Currently, QF/n has a thread per connection, which it uses to perform
blocking socket reads and various housekeeping functions. You could maintain
a per-connection thread to enforce the serialisation described above, but if
you have, say, 500 active connections, then having 500 threads won't buy you
anything in performance terms over having a number of threads equal to the
number of physical/hyper-threaded cores you have. So there's an argument for
using the thread pool, and letting .NET do its tuning thing to optimise the
number of pool threads for performance. It's trivial to write a scheduler
that allocates work out to pool threads, but at the same time, ensures that
activity on a particular connection is serialised: if you go with TPL, you
can do it in a few lines of code by subclassing TaskScheduler, but even
without TPL, it's easy to do.

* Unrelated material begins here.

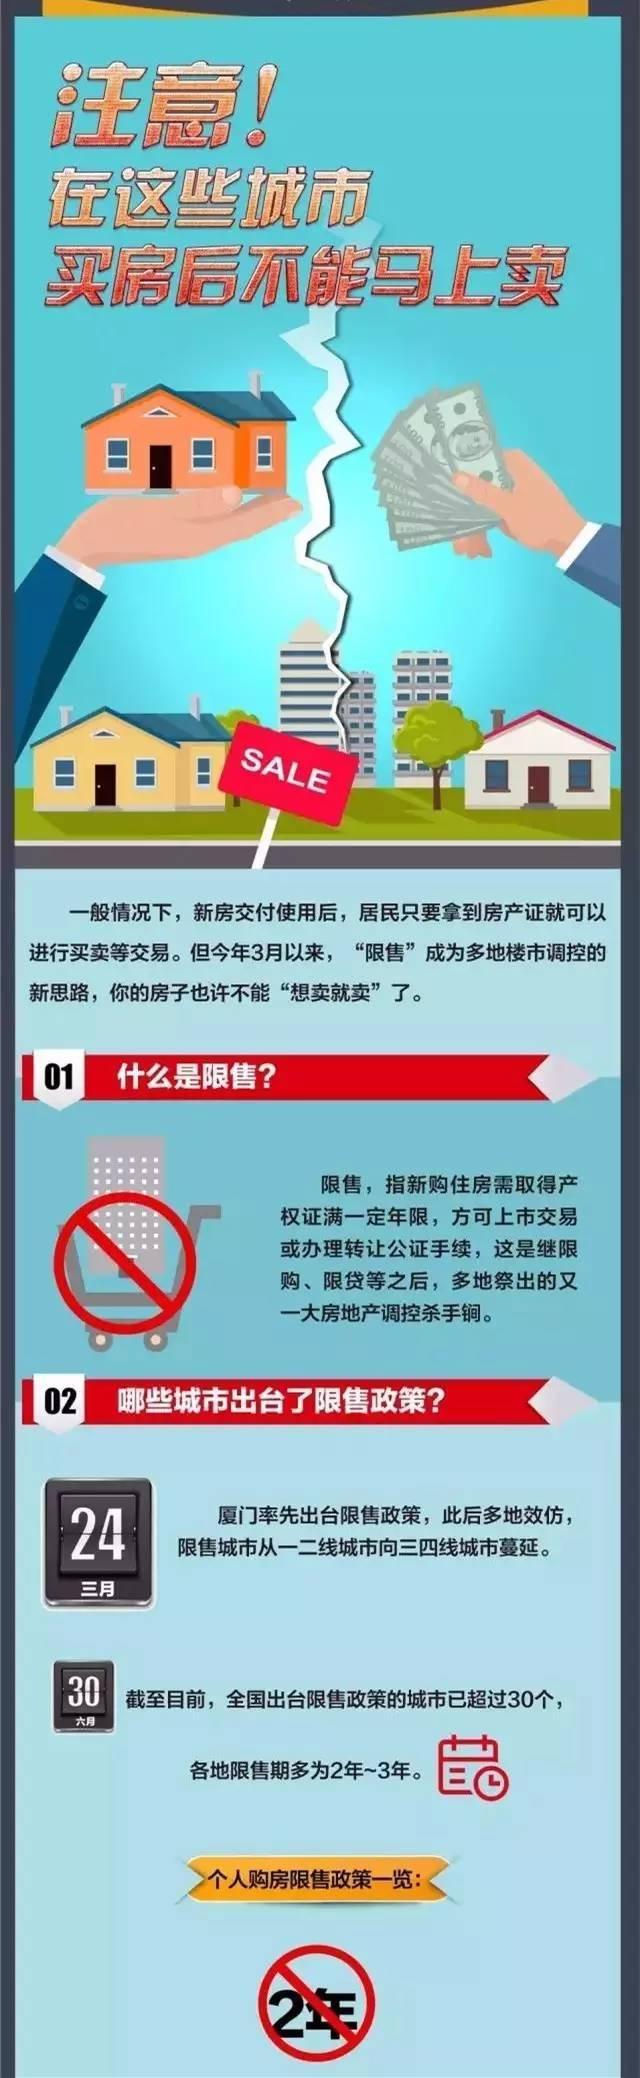 注意!在这些城市,买房后不能马上卖!

You do need a lock in your scheduler, for
enqueueing and dequeueing tasks, but it's a just a per-connection lock, not
a global one, and this is arguably the best place to do your locking,
abstracted away from your actual socket-related activity.

 

So what's the impact on the App interface? This is probably a separate
discussion, but for best performance, App code should embrace the
non-blocking paradigm, and do its stuff (logging, storing, retrieving for
resend, processing received messages, etc.) using asynchronous I/O (or
delegation to another thread if blocking can't be avoided) where relevant:
with TPL, you could expose the subclassed TaskScheduler for use by the App
code to facilitate this. On the Send side, the sending operation becomes
asynchronous, but if this proved unpopular, it'd be simple enough to provide
an optional synchronous Send facade, with the marshalling of the send
operation onto the thread pool (to ensure serialisation with read and other
operations on the connection) taking place under the hood. Once again, just
a couple of lines of code with TPL, but still easy enough to do without TPL.
(Note that while the App thread that called the synchronous Send would
block, the actual send on a pool thread would still be asynchronous,
allowing receive processing to continue on the connection.)

 

As for using TPL - there's no doubt it would cut down on the spade-work
needed, but its use wouldn't be mandatory. Also, I think there'd be more Gen
1 garbage with TPL, as Tasks are a one-shot thing, and so you'd be creating
one every time you wanted to marshal an asynchronous operation onto the
thread pool. The marshalling itself would also imply more context-switching,
but then, the number of threads would be going down. (Some very quick
testing suggests that with non-blocking operations on pool threads, the
number of pool threads maxes out at or slightly above the number of cores,
and that piling on work at a rate faster than 100% on all cores can handle,
just results in the extra work being queued, rather than the number of
threads being increased, which makes sense.)

 

Incorporating serialisation of operations on a connection into your
scheduler obviates the need for session/connection level locks elsewhere in
the code, but there are also locks that are more global in scope, such as
the one protecting a collection of all active/pending connections, a
collection which get might be referenced by code across multiple
connections. There are (safe) tricks here too that can minimise locking, and
there's much else that could be said as well, but that's probably enough
rambling on for now, and of course, there's little point in contemplating
big changes if the current threading/locking structure is sufficient (or at
least, can be made so) in terms of performance and reliability.